Martedì, 21 Settembre 2021
Cronaca

Estetista uccisa a Mola, slitta il processo d'Appello bis: "Aula troppo piccola per il rispetto delle norme Covid"

Accolta dalla Corte la richiesta degli avvocati dell'imputato, l’ex amante della vittima Antonio Colamonico. Bruna Bovino era stata uccisa nel 2013 nel centro estetico in cui lavorava

Bruna Bovino

Slitta al 10 dicembre il processo d'Appello bis sull'omicidio di Bruna Bovino, la 29enne italo brasiliana uccisa nel 2013 a Mola. I giudici del Tribunale di Bari hanno accolto la richiesta degli avvocati Nicola Quaranta e Massimo Roberto Chiusolo, difensori dell’imputato, l’ex amante della vittima Antonio Colamonico, al rinvio a causa dell'impossibilità di celebrare il processo nel rispetto delle norme Covid per le dimensioni contenute dell'aula. 
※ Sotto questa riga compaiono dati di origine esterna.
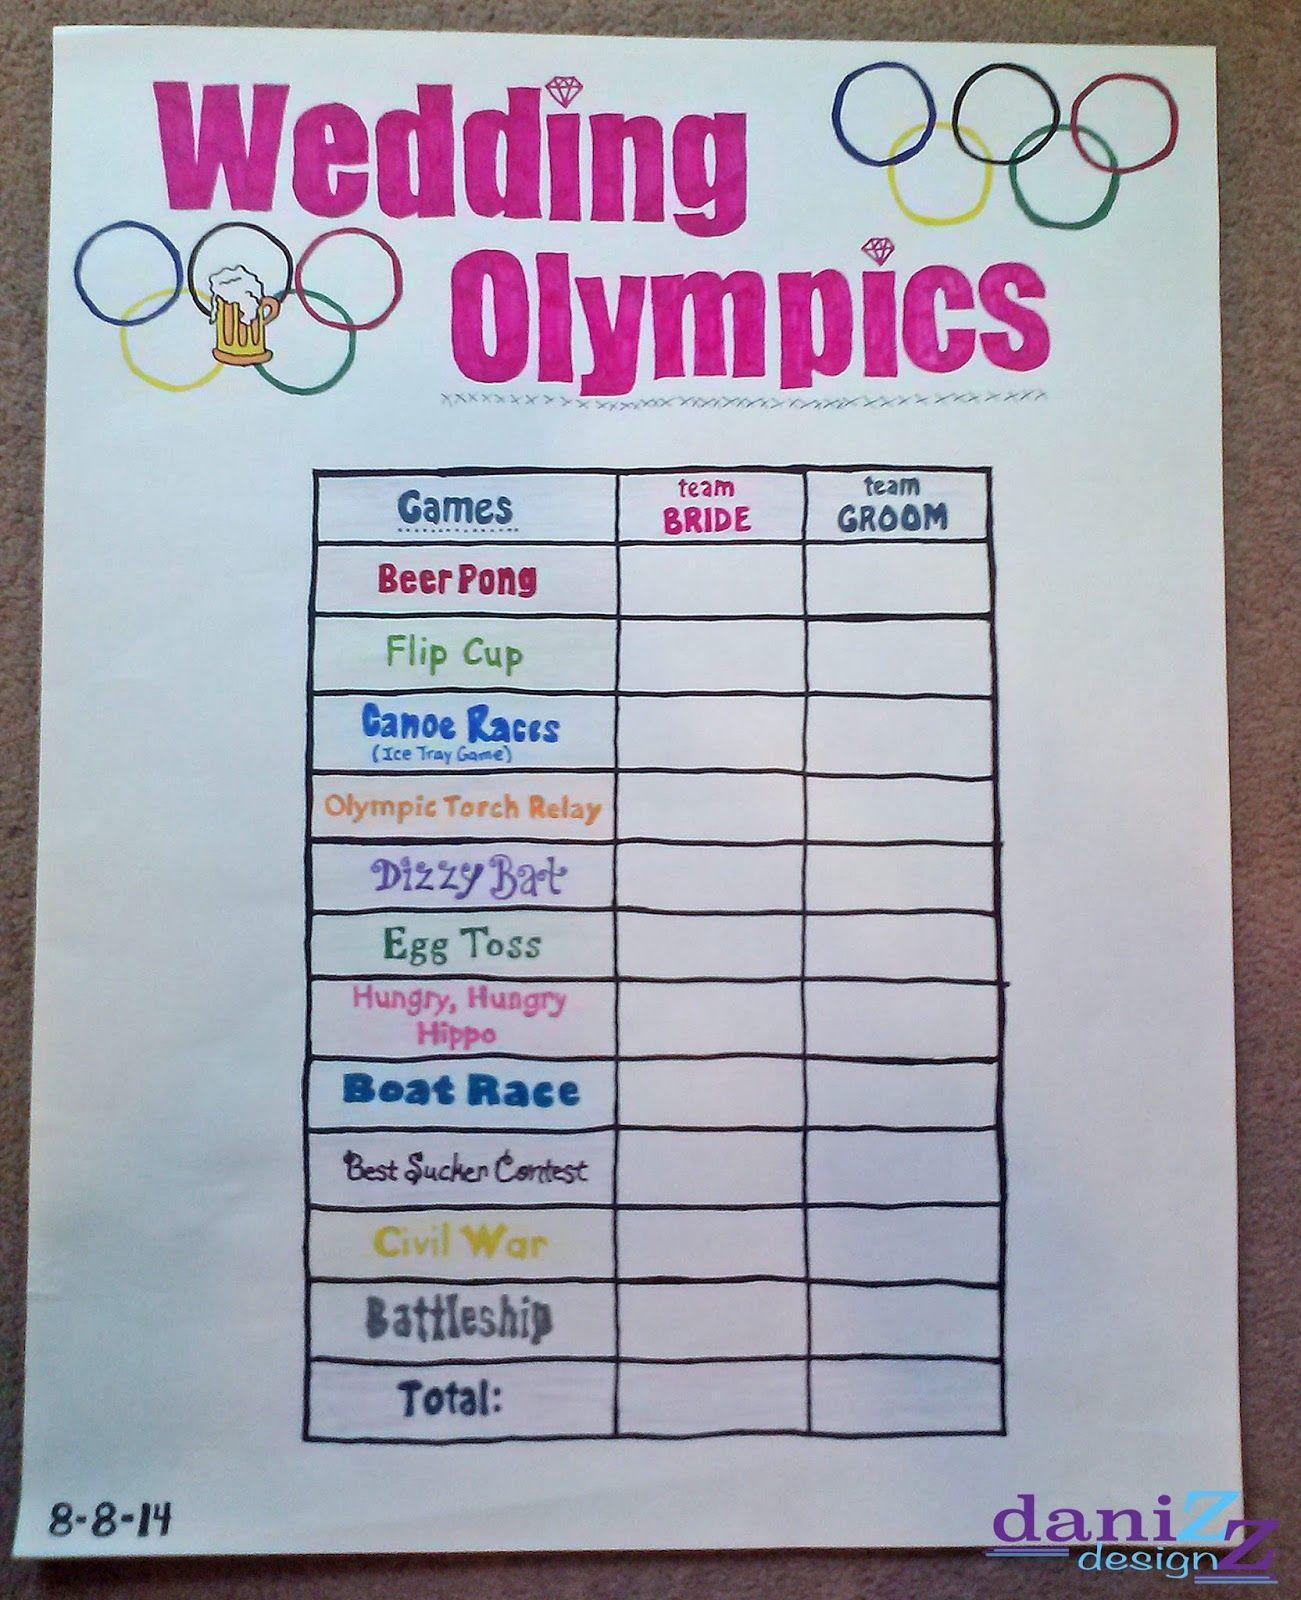 introducing e bridal party bridal parties weddings and wedding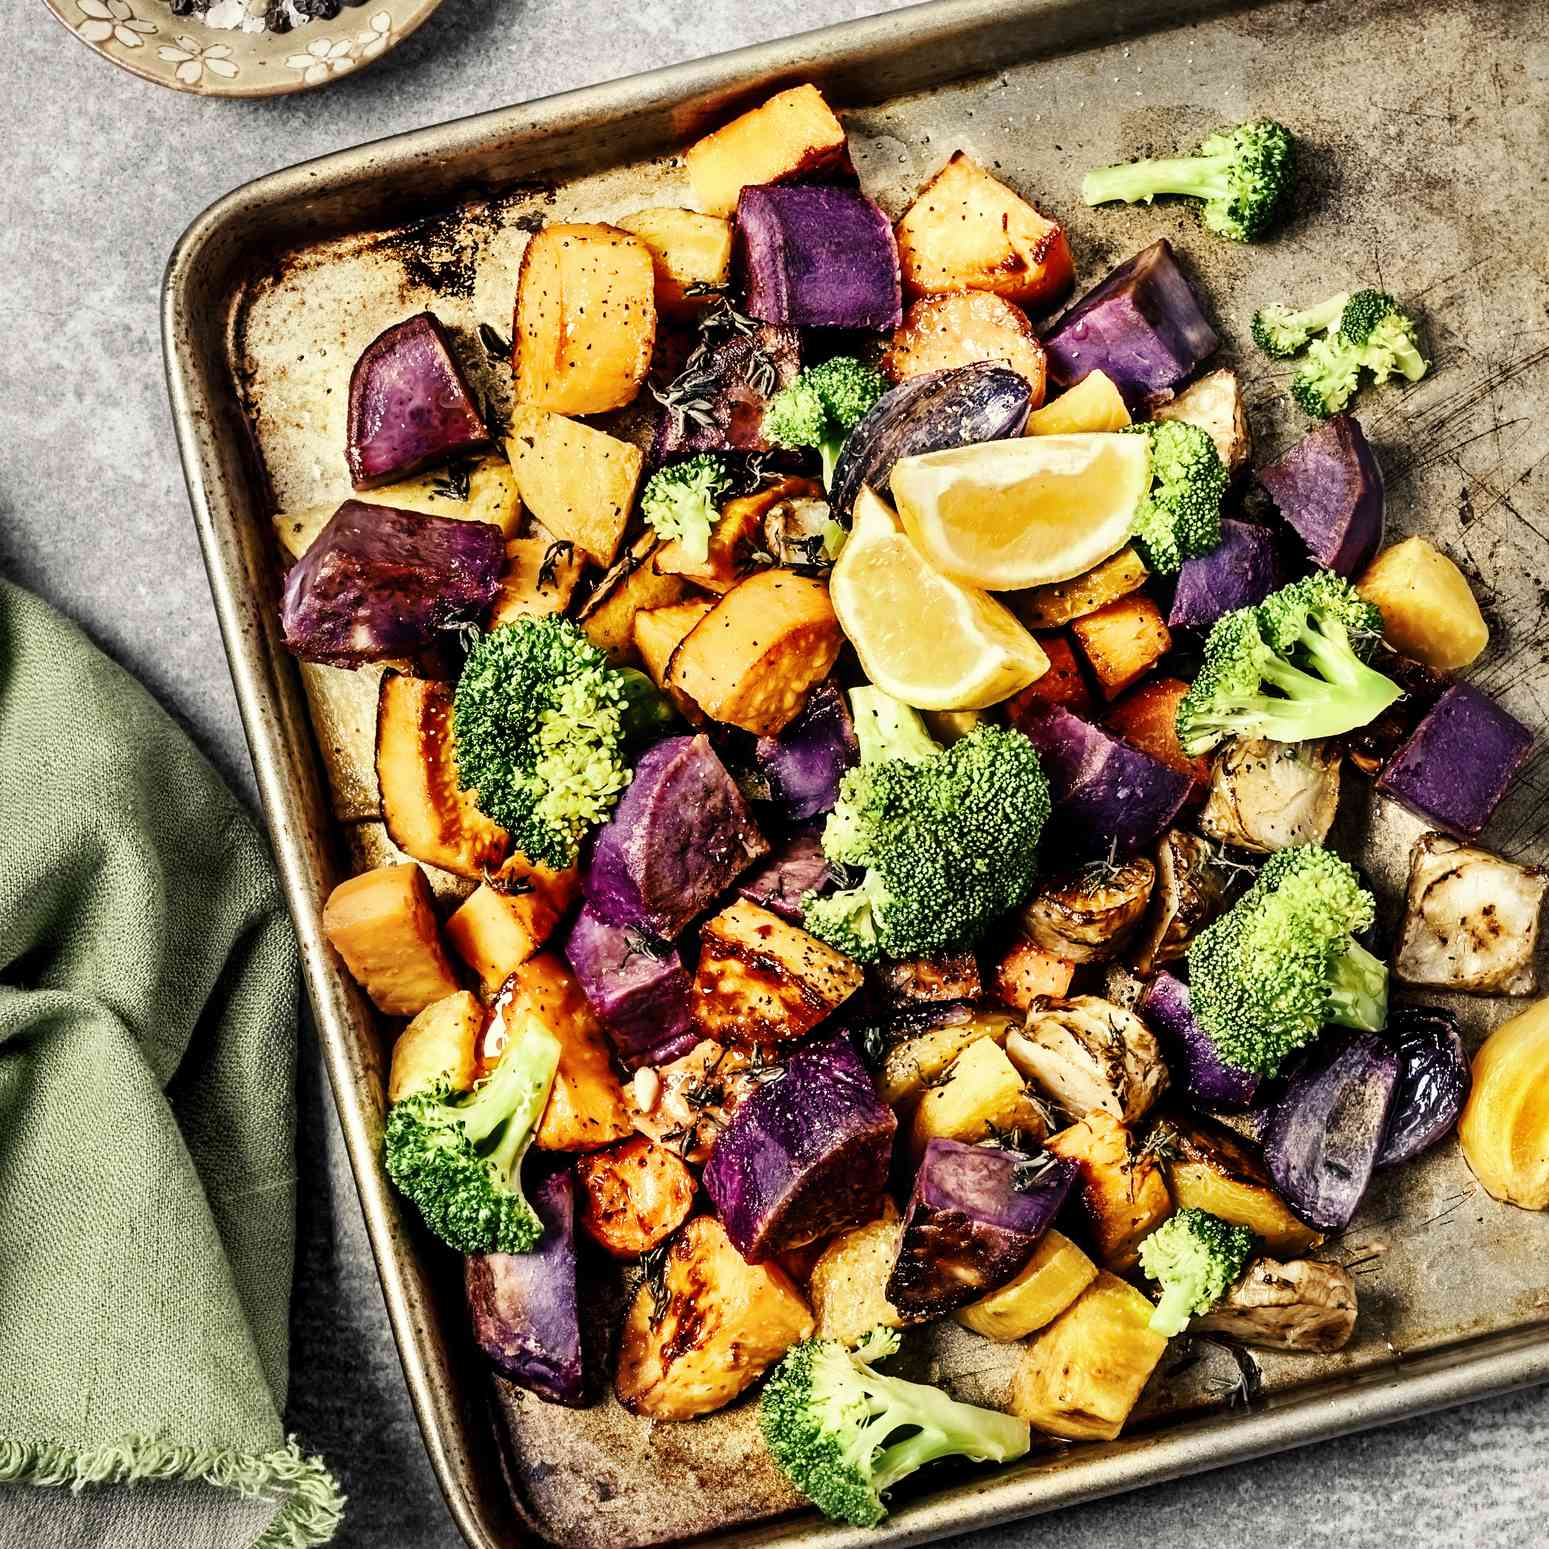 Tray of roast vegetables

"Il tema della salute pubblica non può essere trascurato e che d’altra parte vi è la necessità di fare salvo l’interesse di tutte le parti a definire il processo in tempi contenuti" ha spiegato la Corte. Nei confronti di Colamonico è in corso il processo di appello bis dopo la sentenza della Cassazione che nel gennaio scorso ha annullato con rinvio l’assoluzione dell’imputato dal reato di omicidio volontario. In primo grado Colamonico era stato condannato alla pena di 25 anni di reclusione. In appello poi era stato assolto e ora un nuovo collegio della Corte di Assise di Appello dovrà rivalutare la sua presunta responsabilità nel delitto avvenuto all'interno del centro estetico in cui lavorava la vittima.